Proof. (NOTE: (*) means conjugate)

(v|w) = v_1w_1 + 2v_2w_2

(w|v) = w*_1v_1 + 2w*_2v_2

(w|v)* = (w*_1v_1 + 2w*_2v_2)*
= w_1v*_1 + 2w_2v*_2
=v*_1w_1 + 2v*_2w_2
≠ (w|v)

Could someone just check this please.

Another thing...
If
(v|w) = v_1w*_1 + v_2w*_2
does
(w|v) = w_1v*_1 + w_2v*_2

if you're working in a two-dimensional Euclidean vector space then most everything you have stated in correct. The first line of your proof is incorrect, as (v,w) = w_1v_1* + w_2v_2*. Really the definition of an inner product over the complex field is that (v,w) = (w,v)*, and any defined inner product must have that property.

The first line of your proof is incorrect

How can this be incorrect? I was re-stating the question.

(v|w) = v_1w_1 + 2v_2w_2

I have to show that this is or is not an inner product space over the complex plane C².

Obviously it is not because the axiom fails.
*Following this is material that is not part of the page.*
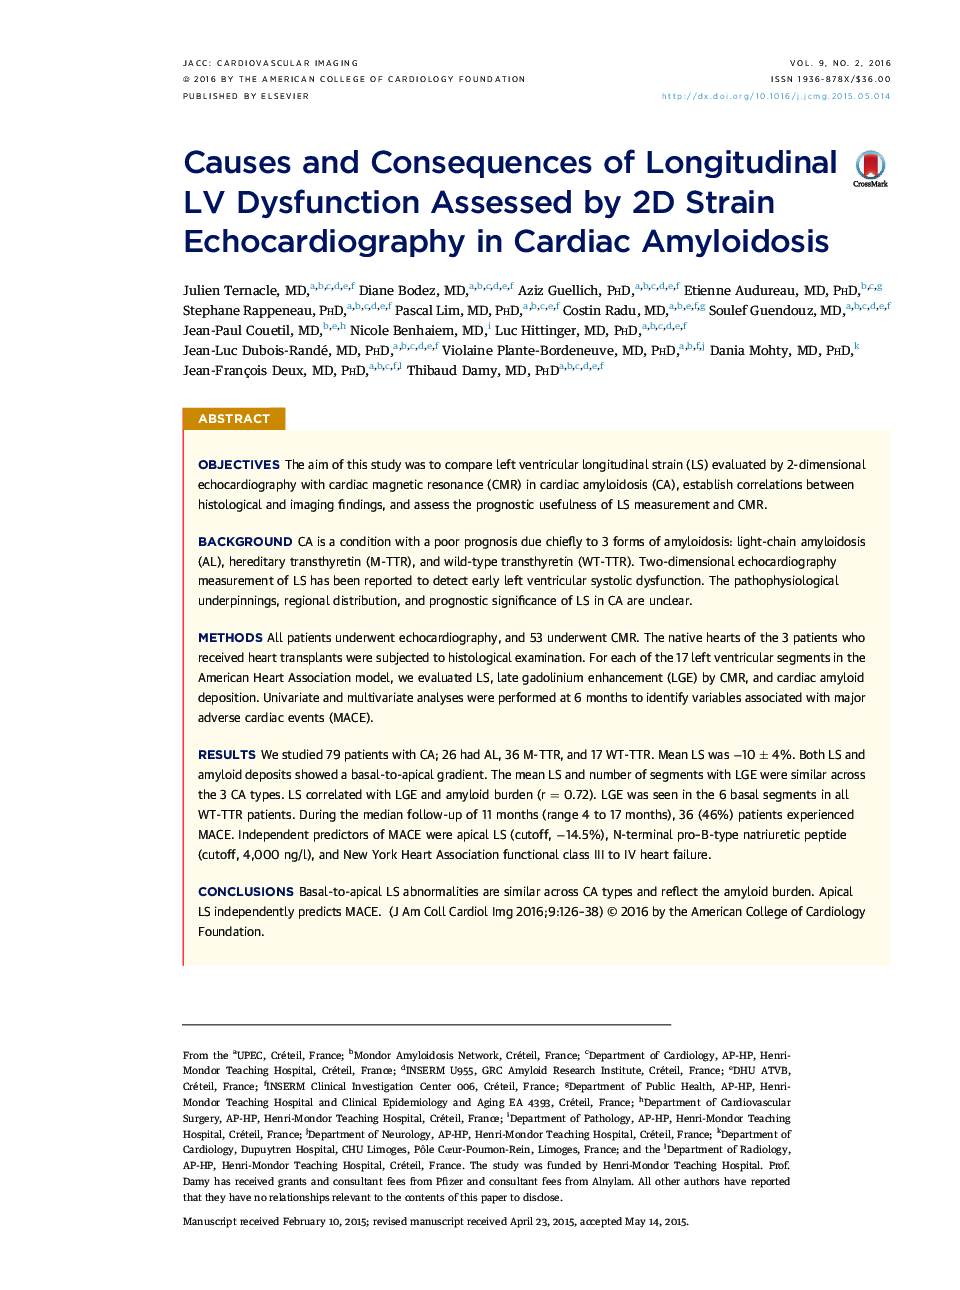 Causes and Consequences of Longitudinal LV Dysfunction Assessed by 2D Strain Echocardiography in Cardiac Amyloidosis

I was just wondering if anyone thought otherwise.

And I'll assume that if
(v|w) = v_1w*_1 + v_2w*_2
then
(w|v) = w_1v*_1 + w_2v*_2

When you interchange v and w in the inner product, you swap v and w in the formula and conjugate it right?

(w|v)* = (w_1v*_1 + w_2v*_2)* = v_1w*_1 + v_2w*_2 = (v|w)

Ok, I think I just answered it myself!